Schmitt D, Nill S, Roeder F, Herfarth K, Oelfke U
German Cancer Research Center, Heidelberg, Germany.
Heidelberg University Hospital, Heidelberg, Germany.
Med Phys. 2012 Jun;39(6Part8):3686. doi: 10.1118/1.4734984.
Evaluation of different calculation methods for dose modification due to intrafraction prostate motion using film measurements as ground truth.
We acquired intrafraction motion data with the Calypso tumor tracking system by Varian Medical Systems Inc for 4 prostate IMRT patients treated with 35 fractions each. These motion data were transferred to a phantom platform which reproduces the observed motion and has a 20 cm diameter cylindrical solid water phantom mounted. For each patient all fractions were irradiated on one radiochromic MD-V2-55 film placed in the isocentric transversal slice of this phantom. These films serve as ground truth for three calculation Methods: 1) Recalculation of the plan with shifted target point for every segment with the segment's mean Calypso position. 2)+3) Convolution of the static dose distribution with a probability density function of the observed positions. For 2) only Calypso positions with activated beam on signal were used whereas for 3) all Calypso positions between the first and the last beam on signal for all fractions were employed. The comparisons between films and calculated dose distributions were made with the verification software VeriSoft 3.2 (PTW, Freiburg, Germany) where an 8×8 cm̂2 ROI around the isocenter was selected for gamma evaluation.

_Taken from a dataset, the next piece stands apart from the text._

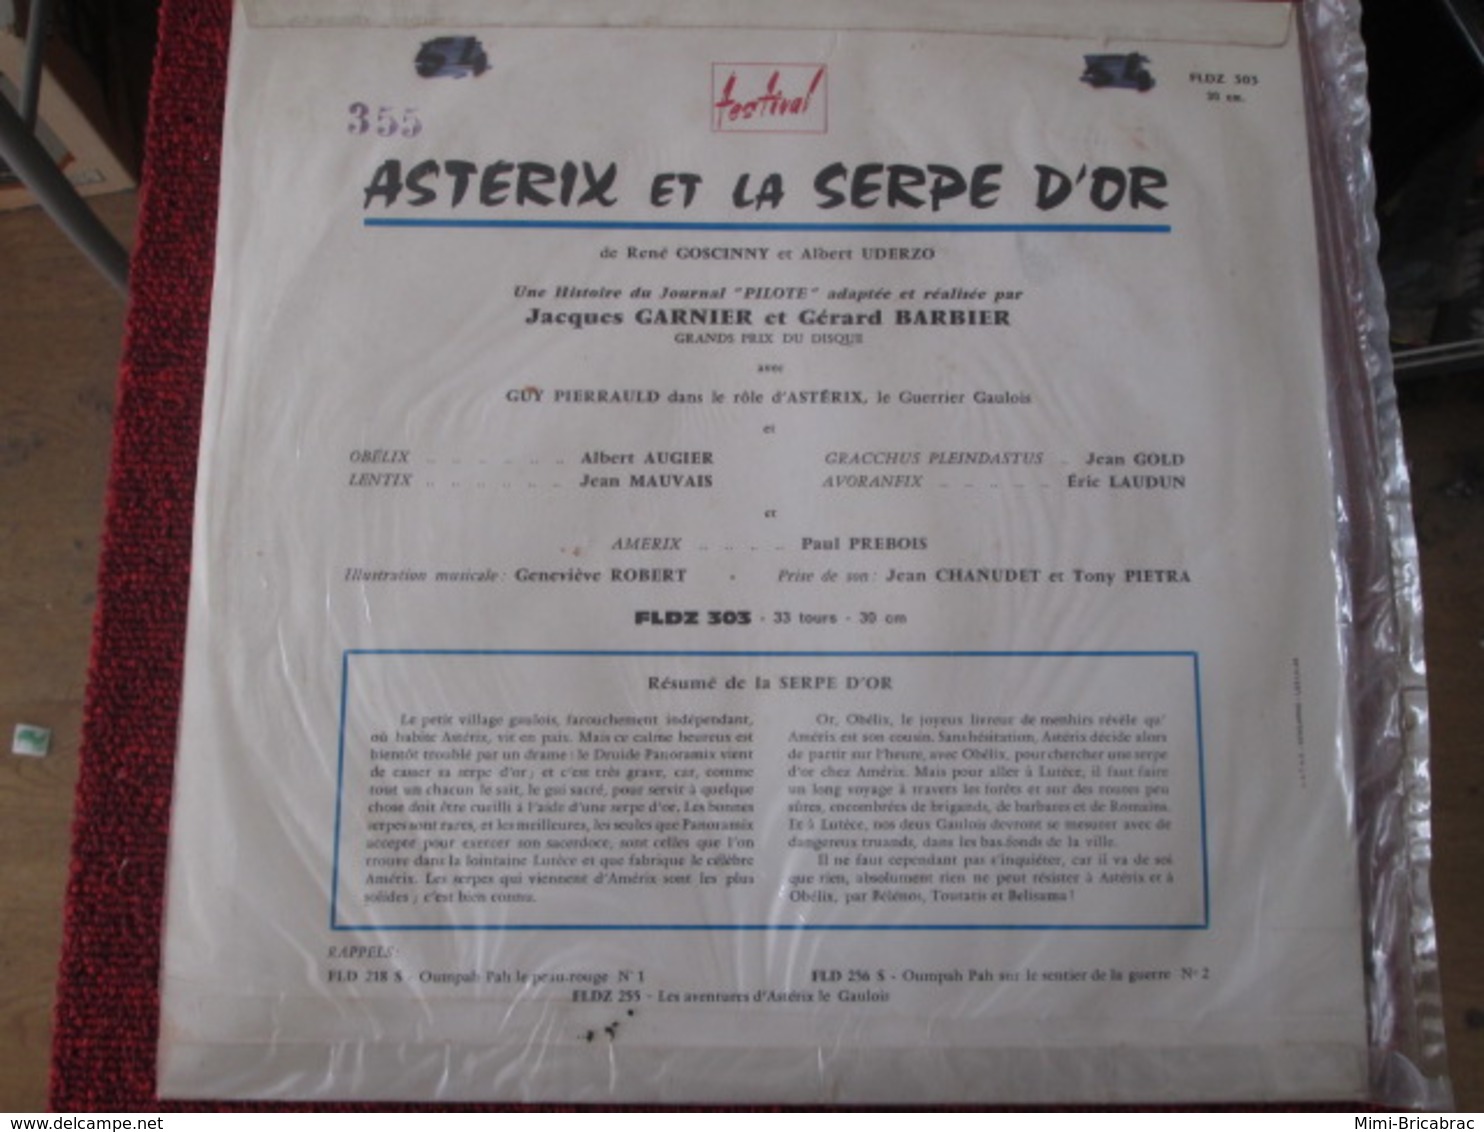 BACPLASTCAV Disque BANDES DESSINEE ANNEES 60 ASTERIX ET LA SERPE D'OR 33T 30cm - Platen & CD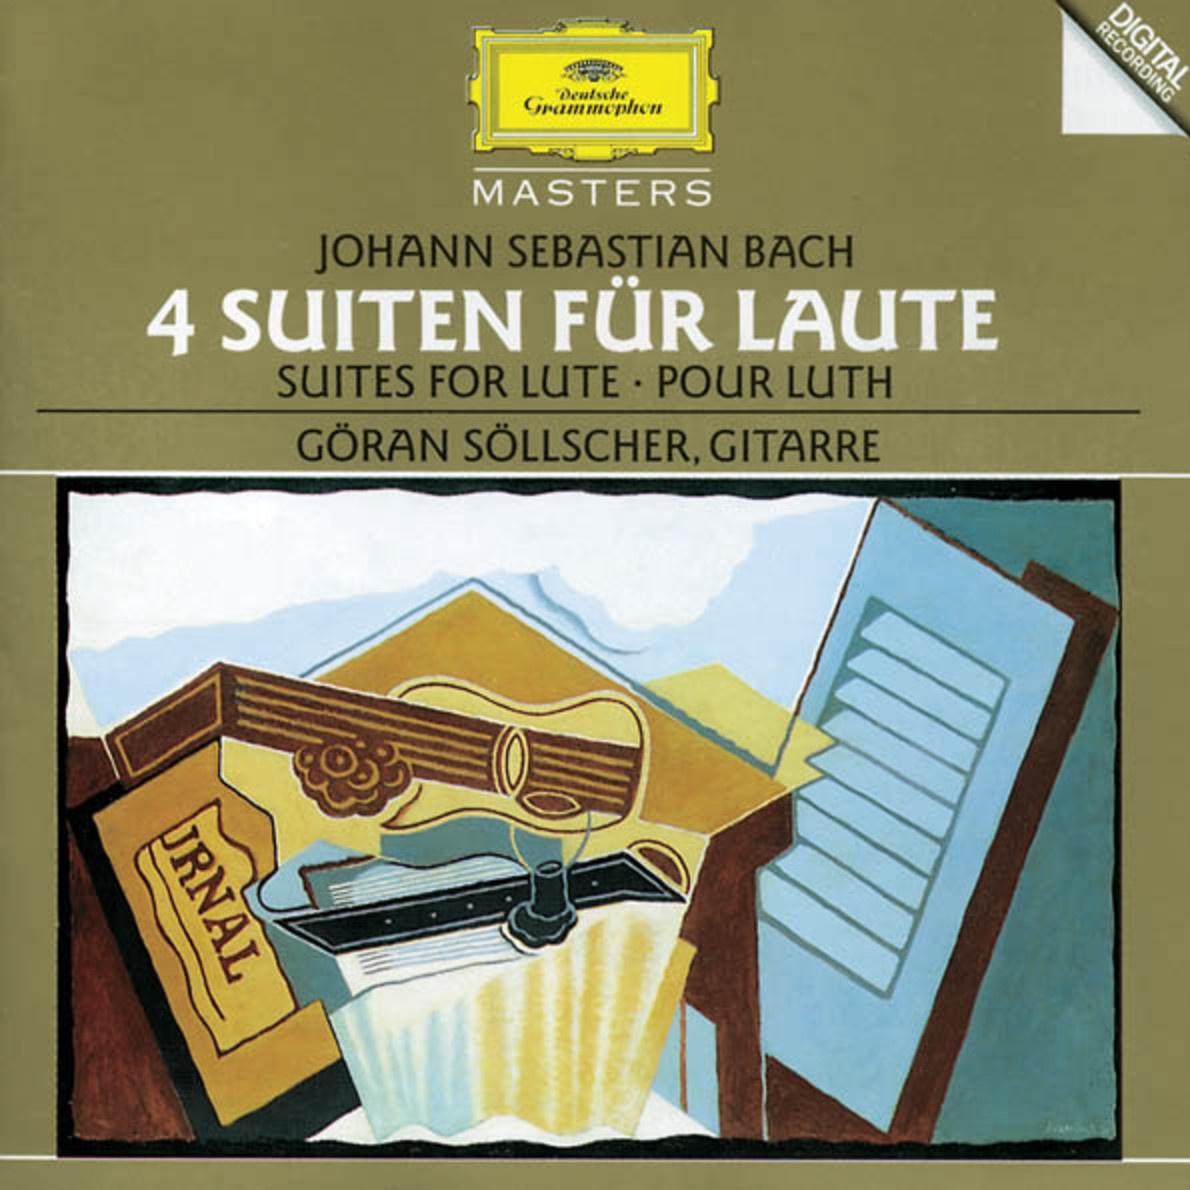 Suite in E flat major, BWV 1006a - Gavotte en Rondeau

The segment shifted plans reach 3%/3mm gamma values above 90% against the films for all four patients. For both convolution methods three values are above 90%, only for the patient with the largest intrafraction motion they decrease to 89%.
Shifting of the target point for every segment is well suited to estimate the dosimetric consequences of intrafraction prostate motion. This may facilitate the evaluation of different margin sizes or dose prescribing recipes under different motion conditions. If such a lengthy calculation is not possible, a convolution with motion data can be used for acceptable results, too. Our work was partially supported by Siemens Healthcare and Varian Medical Systems Inc.
以胶片测量结果作为基准事实,评估因分次内前列腺运动而进行剂量修正的不同计算方法。
我们使用Varian Medical Systems公司的Calypso肿瘤追踪系统获取了4例接受前列腺调强放疗(IMRT)的患者的分次内运动数据,每位患者均接受35次分割治疗。这些运动数据被传输到一个体模平台,该平台可重现观察到的运动,并安装了一个直径为20 cm的圆柱形固体水模体。对于每位患者,所有分割均在放置于该体模等中心横向切片的一张放射变色MD-V2-55胶片上进行照射。这些胶片作为三种计算方法的基准事实:1)使用各射野段的平均Calypso位置对每个射野段的计划进行靶区移位重计算。2)+3)将静态剂量分布与观察位置的概率密度函数进行卷积。对于2),仅使用射野开启信号时的Calypso位置,而对于3),则采用所有分割中第一个和最后一个射野开启信号之间的所有Calypso位置。使用验证软件VeriSoft 3.2(德国弗莱堡PTW公司)对胶片和计算得到的剂量分布进行比较,在等中心周围选择一个8×8 cm²的感兴趣区(ROI)进行γ评估。
对于所有4例患者,射野段移位计划相对于胶片的γ值在3%/3 mm时均达到90%以上。对于两种卷积方法,三例患者的值均高于90%,仅对于分次内运动最大的患者,该值降至89%。
对每个射野段进行靶区移位非常适合于估计分次内前列腺运动的剂量学后果。这可能有助于评估不同运动条件下不同边界大小或剂量处方方案。如果无法进行如此冗长的计算,使用运动数据进行卷积也可得到可接受的结果。我们的工作部分得到了西门子医疗和Varian Medical Systems公司的支持。